Faculty voice dismay over Berry plans: 60 attend special meeting
More than 60 members of the faculty gathered yesterday afternoon to discuss concerns about the plans for the 125,000-square-foot Berry Library, with most of them expressing their unhappiness with the library's current design.
Many who attended the meeting in 13 Carpenter Hall said they would ask to speak in front of the Board of Trustees in order to appeal for changes in the exterior design of the building.
Several members of the Design Review Committee -- the committee of professors and administrators which advises the Trustees on architectural decisions -- spoke, with all but one saying they oppose the current designs of architect Robert Venturi.
College Provost James Wright said the Trustees agreed in June that construction on the library should begin this spring -- and said the Design Review Committee endorsed the plans in August.
But as both Wright and committee members noted yesterday, not all of the members of the committee were present during the August meeting.
Wright said committee concerns were addressed last summer, but Drama Professor and committee member Margaret Spicer said a memorandum was sent to Wright on June 3 detailing the committee's concerns and said "very little has changed from that design."
Toward the end of the meeting, Art History Professor Joy Kenseth -- an executive committee member of the friends of Dartmouth Library -- said she would send the entire faculty a copy of that memorandum via electronic-mail, along with a description of the ways in which the plan has been changed since June.
Wright said the plans for the Berry Library will be put on display in Baker Library in the upcoming weeks so they can be "viewed by the entire Dartmouth community." The display will include a scale model and color sketches, he said.
The meeting began with Kenseth showing a series of sketches which she said showed the "huge mass" and "barrier-like quality" of the building. She then showed photographs which she used to demonstrate the building's similarities to mills, factories, shopping malls, government buildings and the prevailing style of 19th century Italian architecture.
Kenseth led the meeting, after she sent a BlitzMail message last week urging all faculty to attend the "special meeting" to review the library plans.
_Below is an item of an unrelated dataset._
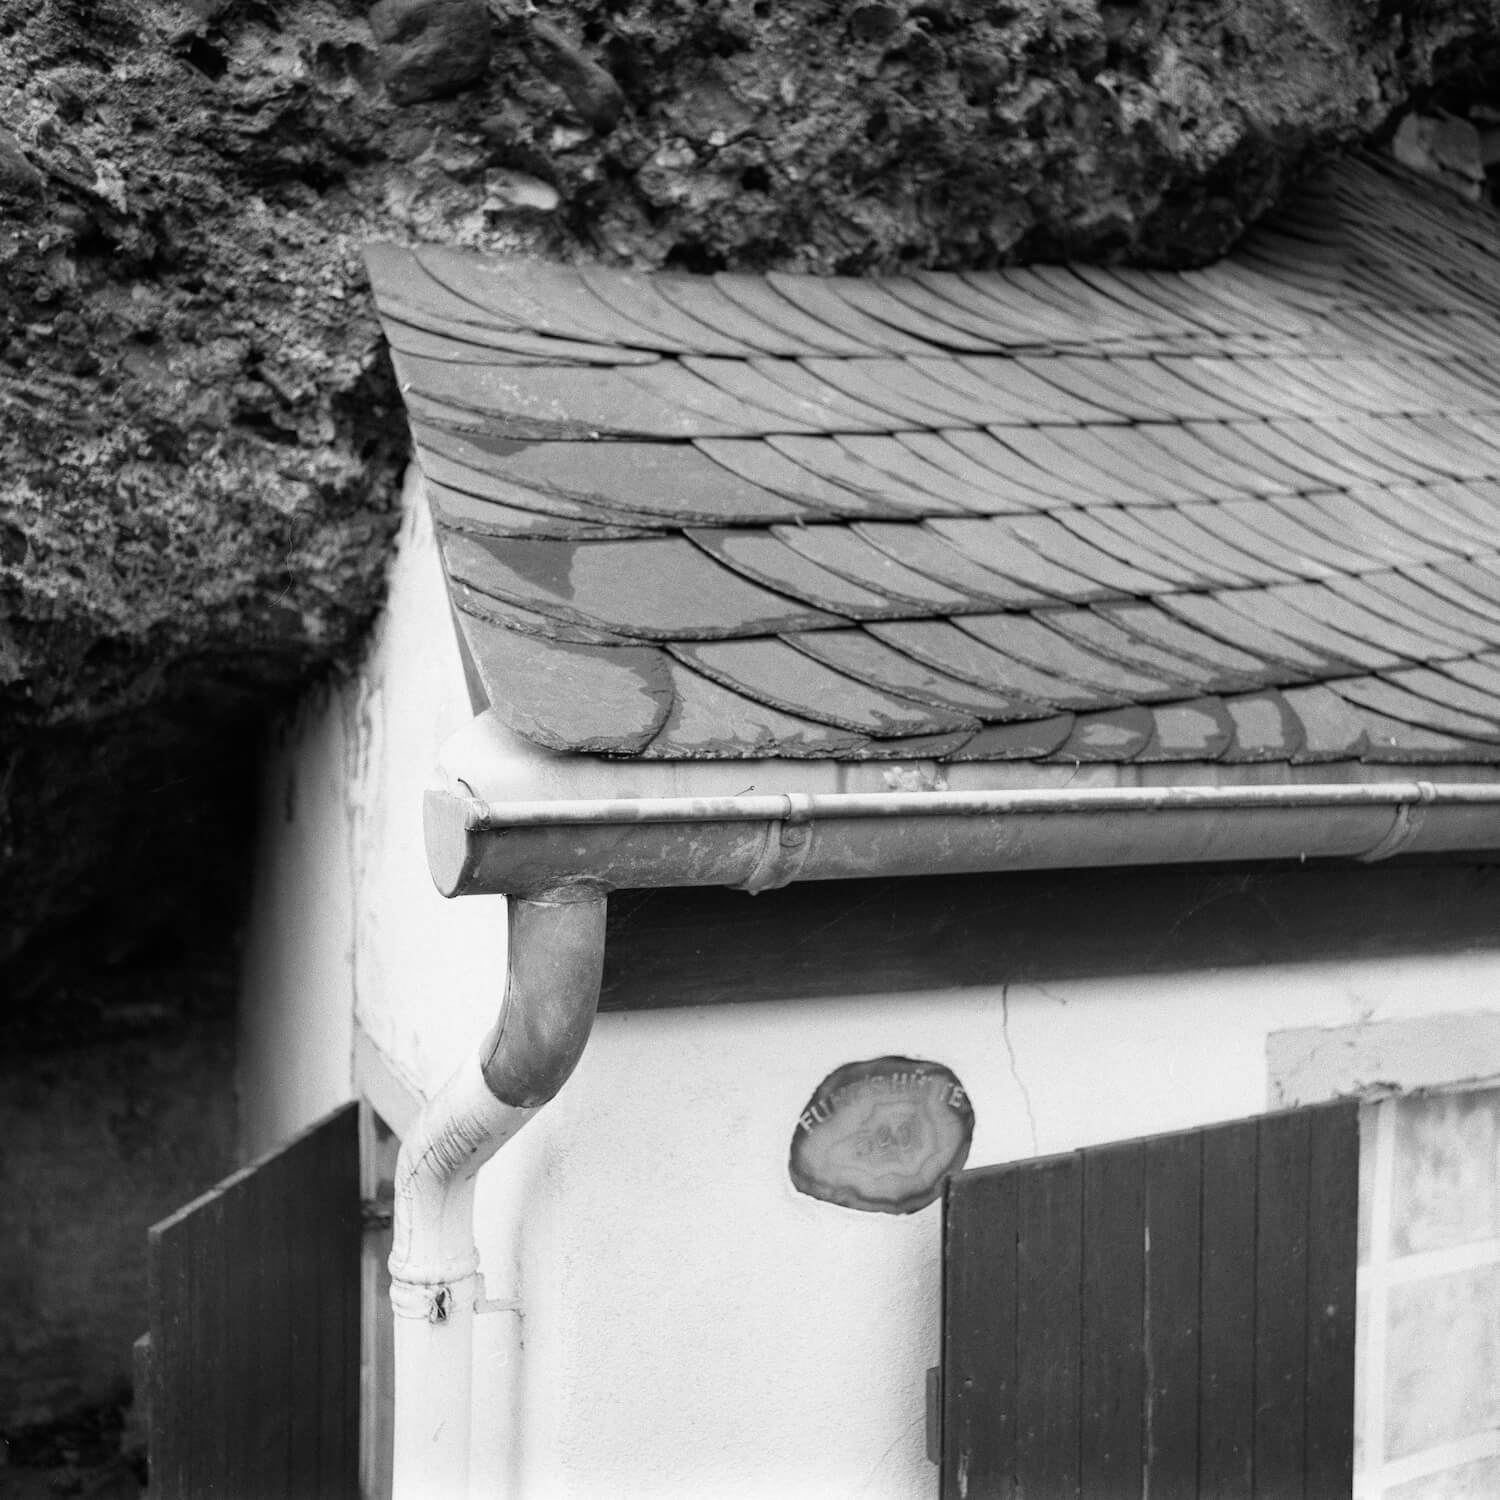 5 Frames... Of Fuhr's Huette: a hut built under a fallen rock on ILFORD HP5 PLUS (EI 400 / 120 Format / Rolleiflex SL66) - by Olaf Lengler

Though few of those attending yesterday's meeting expressed approval for the plans, Assistant Director of Facilities Planning Jack Wilson said Venturi's Berry Library design is a necessary part of responding to changes in the College.
"It's part of the painful transition from a college in the woods to a university in a semi-urban area," Wilson said.
After a number of professors and administrators voiced their concerns about the plan, conversation switched to the possibility of actually changing the Trustees decision to approve the plans.
Some, such as Classics Professor Edward Bradley, said they feared there was nothing they could do to stop the building from being built as planned.
"I don't know how we allowed ourselves to go this far," Bradley said. "I think it's too late to do anything."
Kenseth spoke of the possibility of taking up a faculty petition to have a full faculty meeting on the issue of the library plans, but later said she would ask the Trustees to allow her, or members of the Design Review Committee, to share their concerns with the Board when they come to Hanover Nov. 14.
Three students -- none of whom said they supported the current Berry plans -- also attended yesterday's meeting.
Although he did not attend the meeting, College Master Planner Lo-Yi Chan '54 told The Dartmouth he "strongly agrees with the plans as they are."
Chan said the important question is not whether the addition is different than other buildings on campus, but if it is appropriate to the school.
Chan, who designed the Rockefeller Center, has been on campus once a week since July said although the plan is not perfect, it is not as "extreme" as it has been described by Joy Kenseth and the members of the Design Review Committee who oppose the plan.
"My responsibility is to see that the campus, as formed by the buildings, makes for a rich experience for students and faculty alike," Chan said. "This whole project will do that."